Chapter Thirty-Two

Aubrey

The first piece of cooking advice Nana ever gave me was to always use a bigger mixing bowl than you think you’ll need. As I got older, I began applying that advice to life.

Give yourself more time than you think you’ll need. More space. More patience. More rest. No sense in creating a mess of things by trying to force it when giving yourself a little more of what you need from the start could avoid the headache.

And if you didn’t have a bigger bowl, it probably meant you needed to cut the recipe or whatever else you were trying to manage in half.

This morning at the arena, when Gabe’s promoter friend came out of the back room and told us an Olympic coach had offered Gabe a job, I realized I’d used too small a bowl for my feelings.

After New Year’s, I’d thought I could contain those feelings to the same volume they’d been in high school—more of the idea of love than anything tangible or sticky.

But this recipe was far more complex than any I’d contemplated back then. Here I was with my feelings overflowing the rim, dripping down the sides and pooling on the counter, because not only was Gabe not able to fight in the tournament—he was probably leaving again. For good.

None of it should have shocked me. Even before he got hurt, there was always a chance he’d lose the tournament. A chance he’d need to find an opportunity somewhere else.

It was one of the reasons what we’d been doing felt safe. Because he was always going to leave, the way he always had. Here for short bursts, then off on another boxing adventure, doing what he loved. He wouldn’t be leaving me; he’d just be leaving.

Yet as soon as Diego had said it, I’d turned to Evan and seen the same overflow of emotions in his eyes he no doubt saw in mine. Our hope bursting and hearts breaking.

Because deep down, even if Gabe couldn’t fight, we’d still hoped he would stay.

Back at my apartment, I skimmed through my streaming services, trying to find something that would hold my scattered attention enough to keep me from checking my phone every thirty seconds. It was almost seven, and I’d heard nothing from Gabe.

Diego had said he’d gone to the hospital, but there’d been no text. No call. No word about his shoulder or mention of the job. No form of communication at all since his message the day before saying he wanted to be alone.

Was he okay? In shock? Devastated about the gym? Ecstatic about the job offer? Bleeding out in a dark alley after being mugged on the street?

I could text him and ask. See if he wanted to talk.

But what if that made it worse?
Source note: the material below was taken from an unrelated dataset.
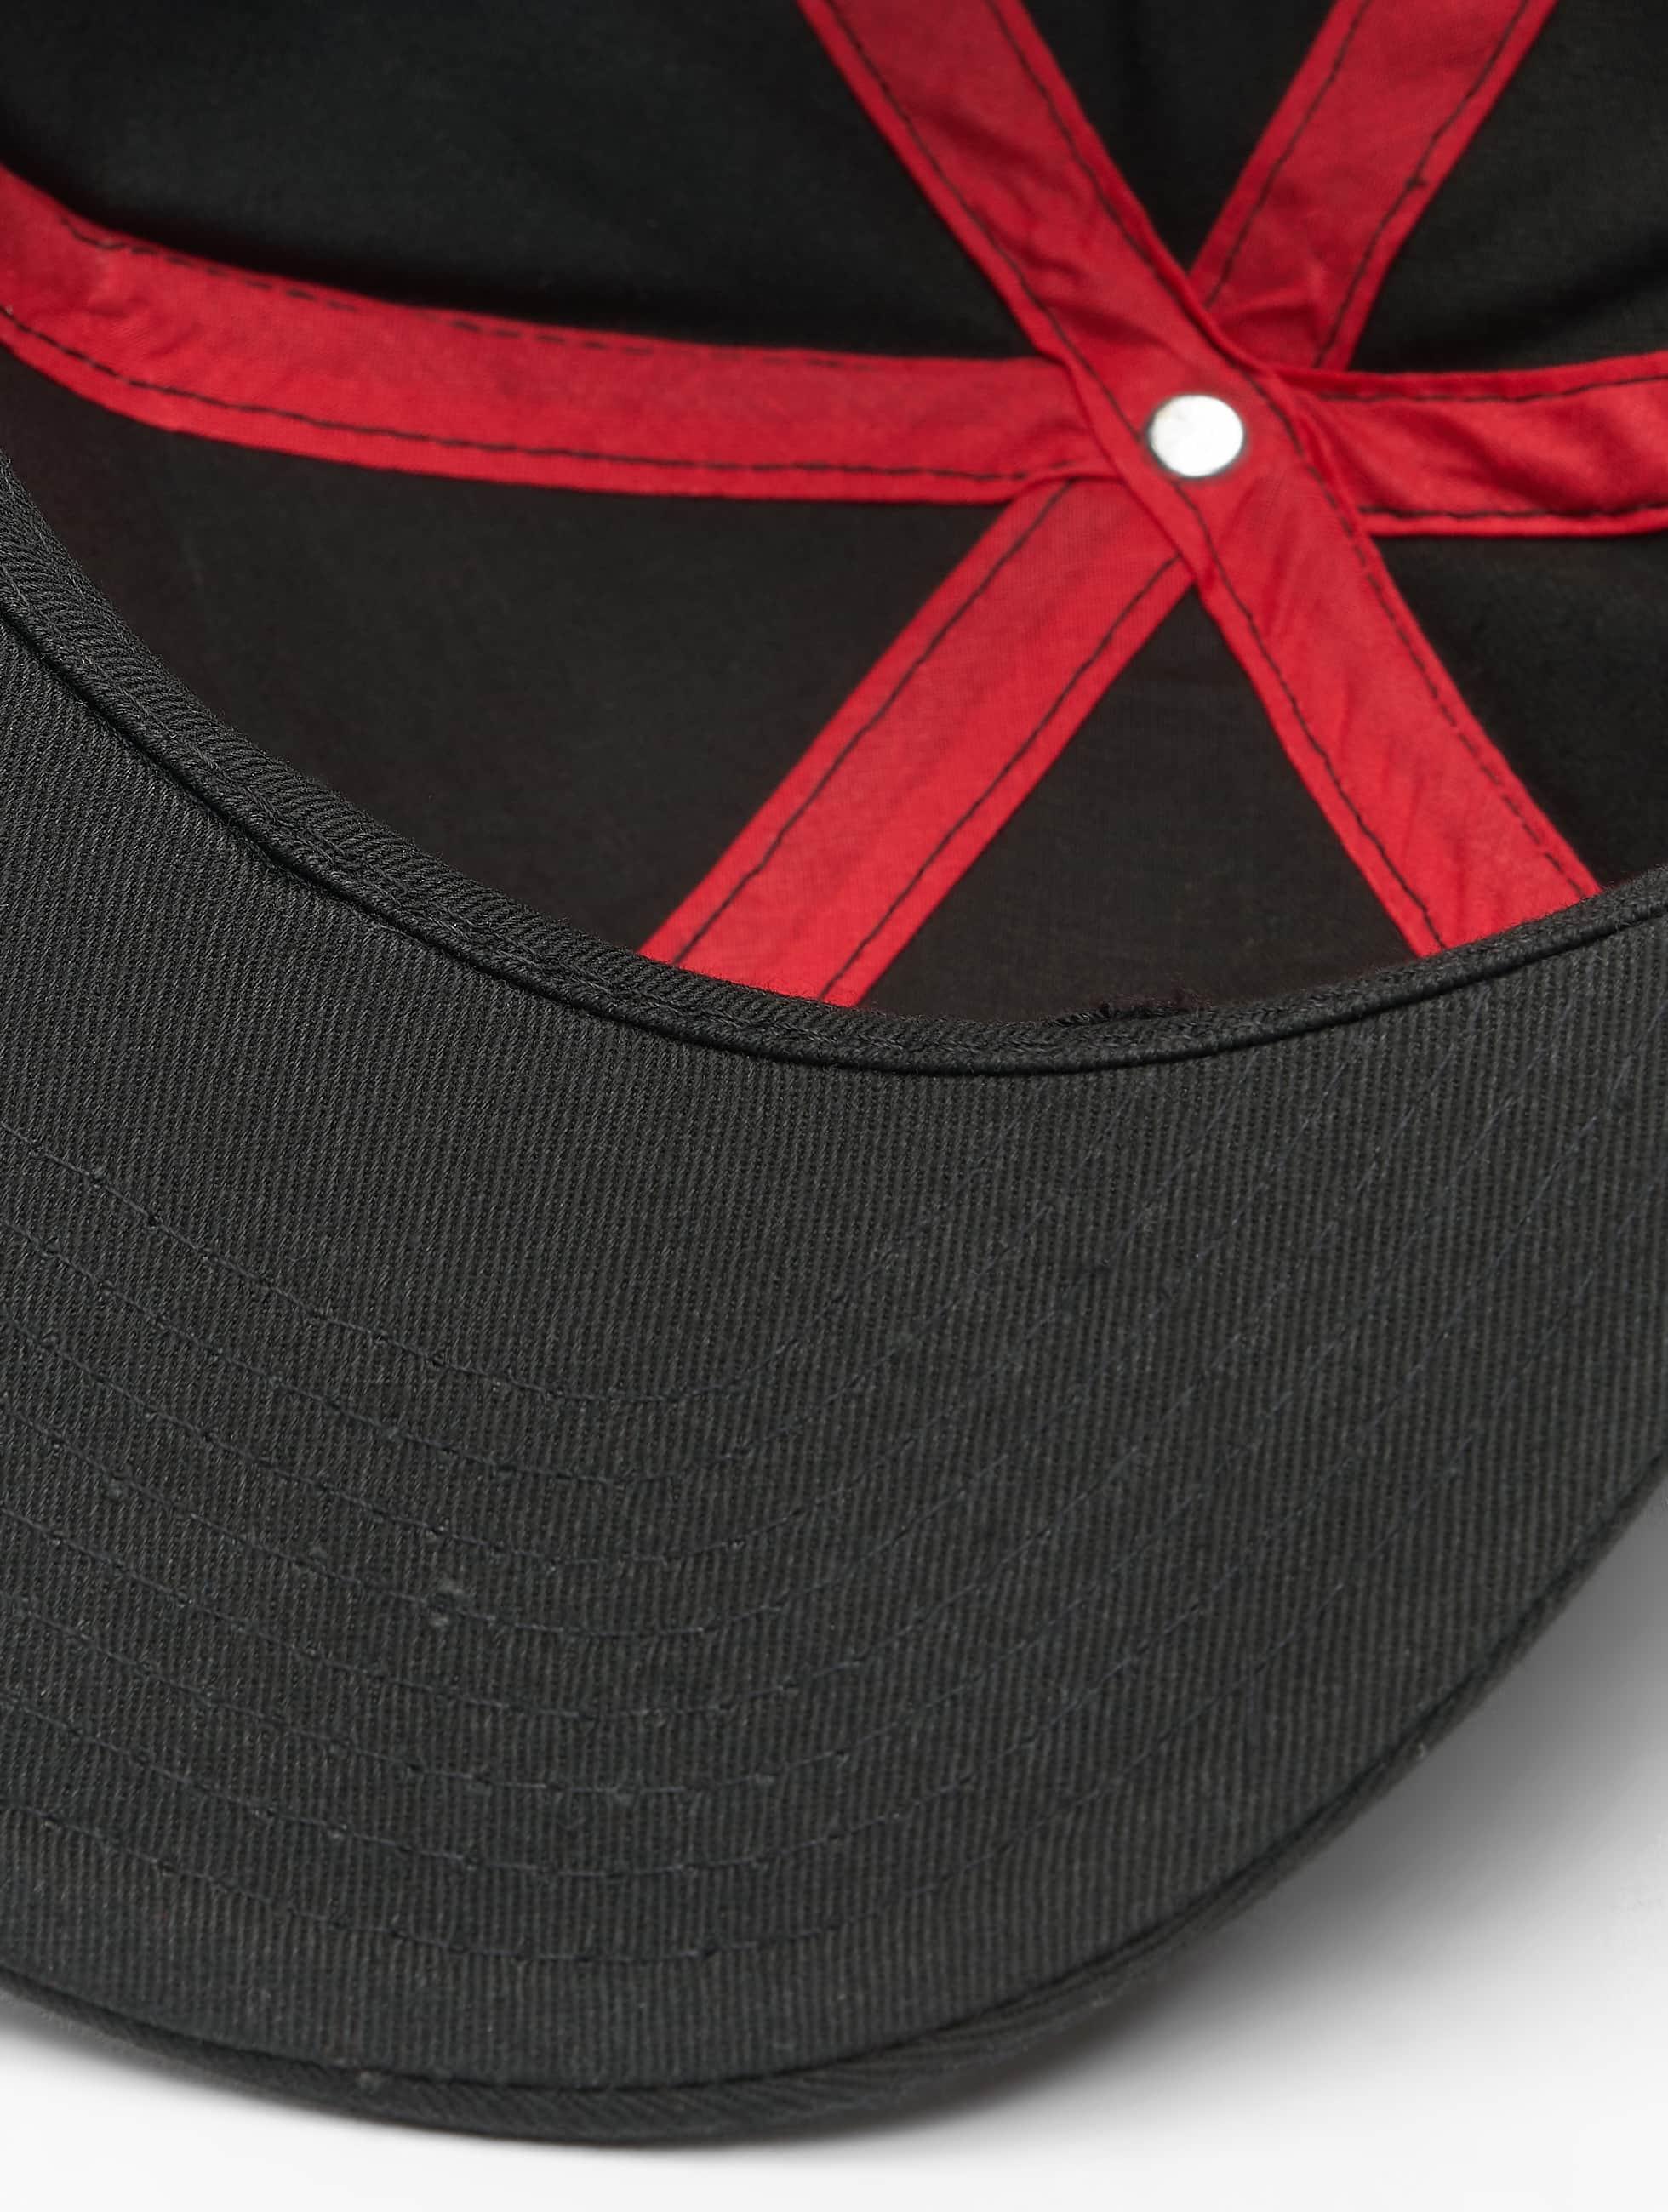 MSTRDS Casquette Snapback & Strapback X Letter noir

What if he felt like I was hovering and making this about me instead of giving him the space he needed?

He knew where I was if he wanted me. Had known he could reach out since way before New Year’s, and I hadn’t had to chase him down for it to happen. No point in that changing just because we’d slept together.
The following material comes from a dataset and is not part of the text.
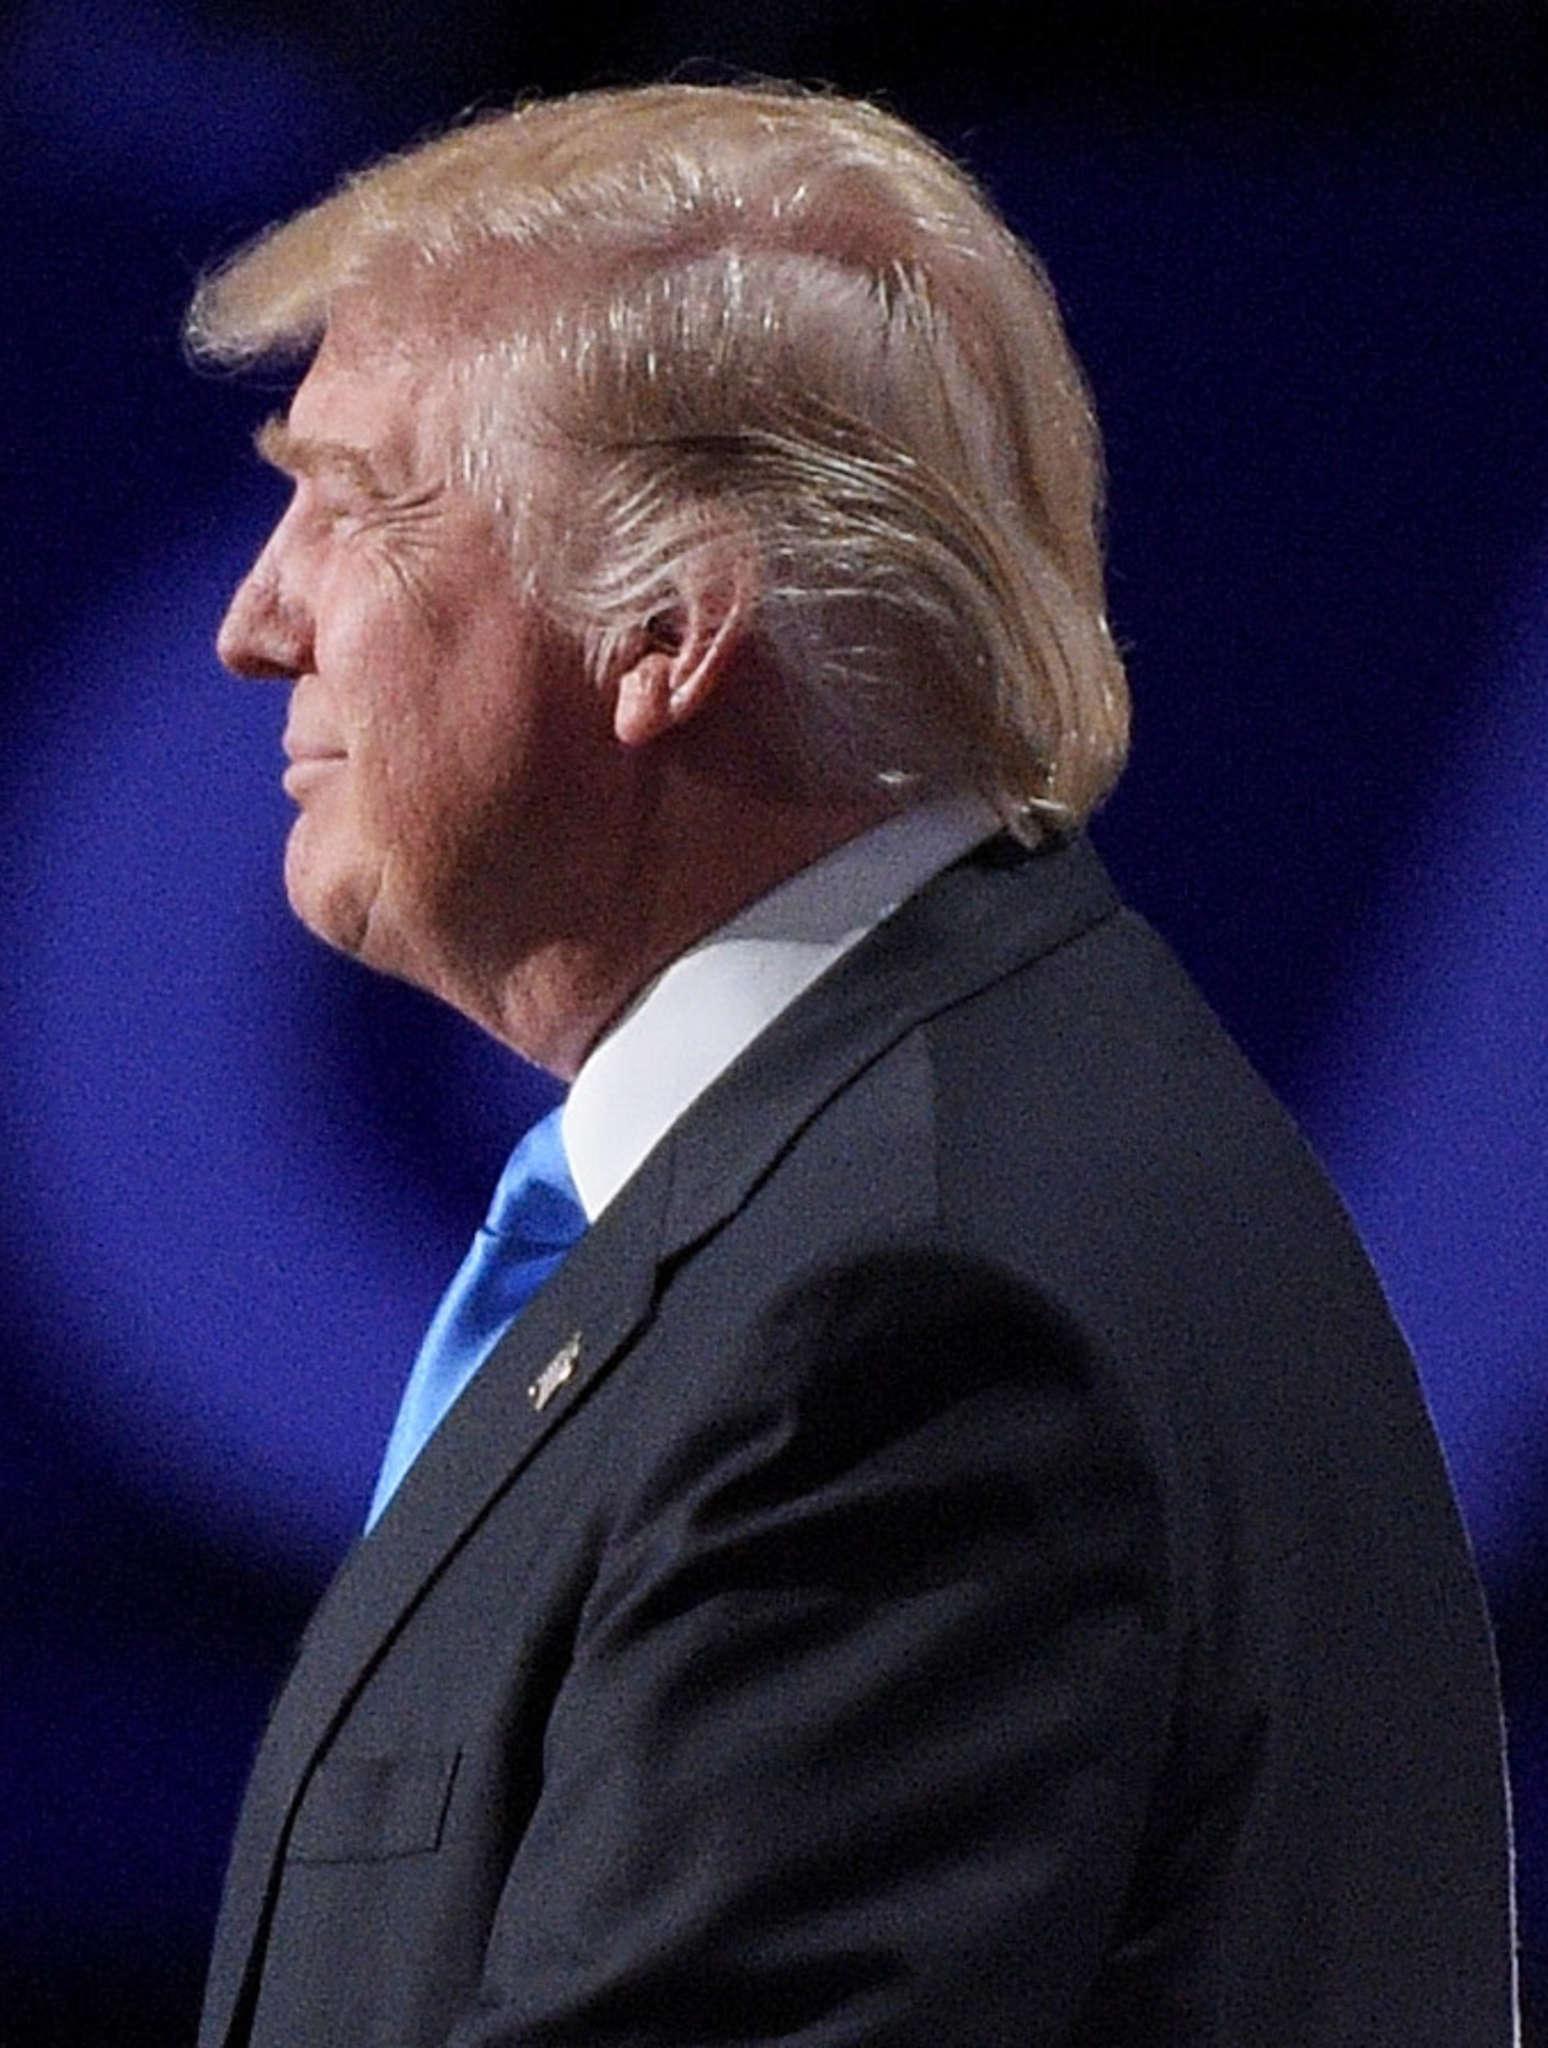 Trump's positions

Something snagged in my chest, and I slammed whatever door tried to open firmly shut. There’d be no thinking about what might have been or revisiting memories and wishing for more. No feeling bad for myself when this was what I’d signed up for from the start—casual and temporary.

I abandoned the streaming services and sprawled across my couch, clicking into my email on my phone. I paused when I spotted the new sous-chef application in my inbox.
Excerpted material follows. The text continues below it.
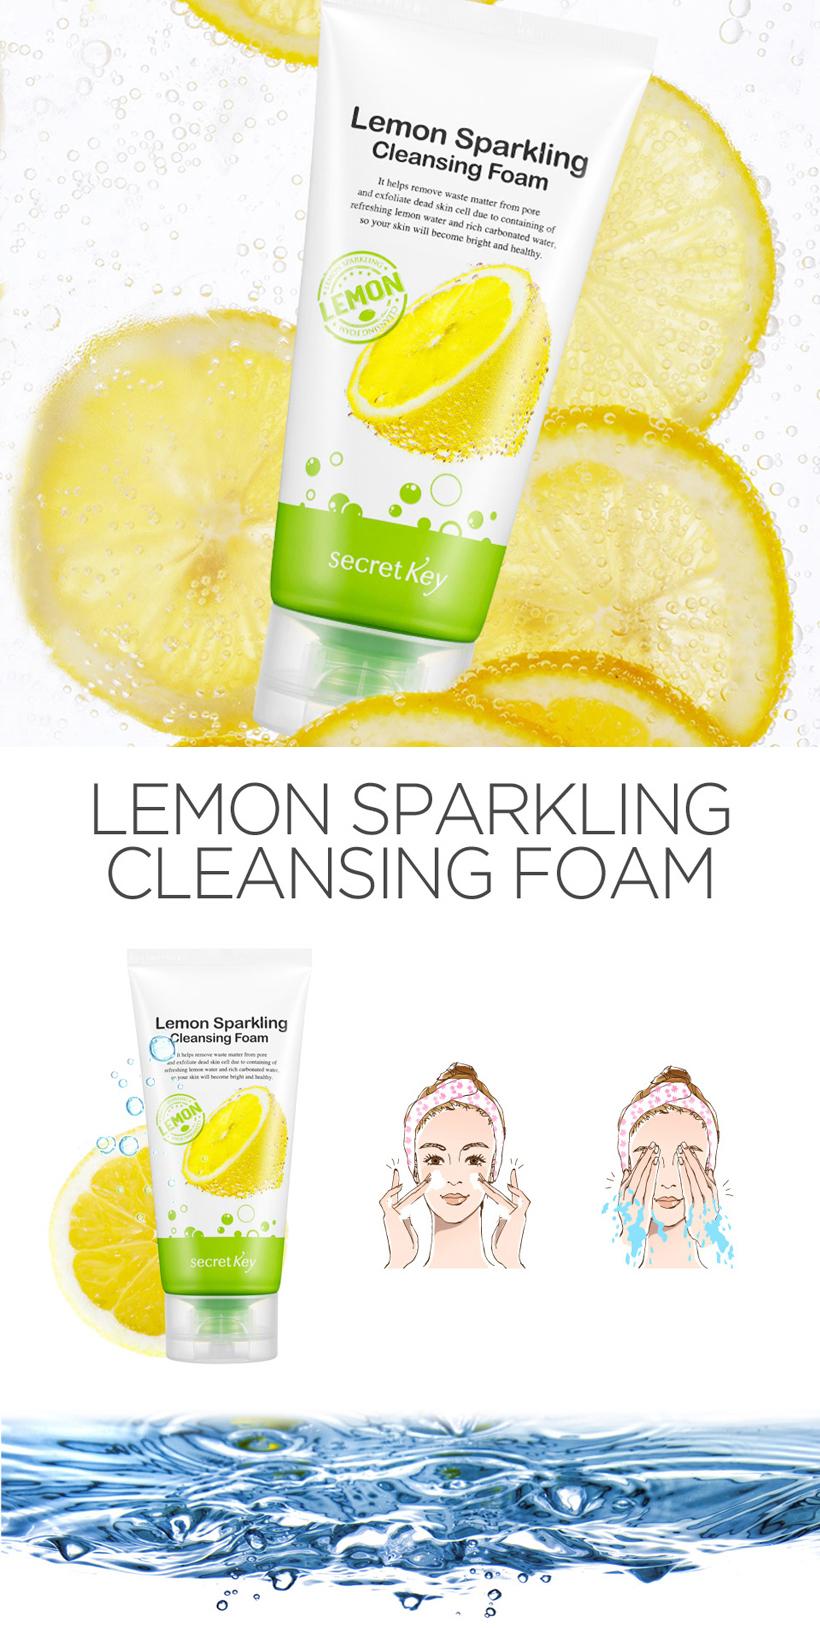 Znalezione obrazy dla zapytania secret key lemon sparkling cleansing foam

It was the worker from the Froyo shop. Mackenzie Bishop.

Not only did she—or rather they—actually apply, but their experience was solid.

They didn’t have a lot of it, still fairly new out of culinary school, but that they’d been to culinary school at all was a pleasant surprise, and in some ways, the lack of experience was better.

Made them a fresher slate, still willing to learn.

I hit send on my reply to schedule an interview as a knock came at my door. My neighbor must have gotten more of my mail. That, or my landlord wanted to inform me about upcoming building maintenance.

I pulled out my hair tie and combed my fingers through the strands in an attempt to look presentable in my pink pineapple pajama pants. Not that anyone would judge me for them on a Sunday evening, but I also wasn’t wearing a bra, and I didn’t know how obvious that was through this shirt.

Except it wasn’t my landlord I saw through the peephole. My pulse skidded as I swung the door open.

Gabe filled the doorway, his hunched shoulders making him seem smaller than usual. Defeated. Like someone had punctured him with a thumbtack, and all his air had seeped out.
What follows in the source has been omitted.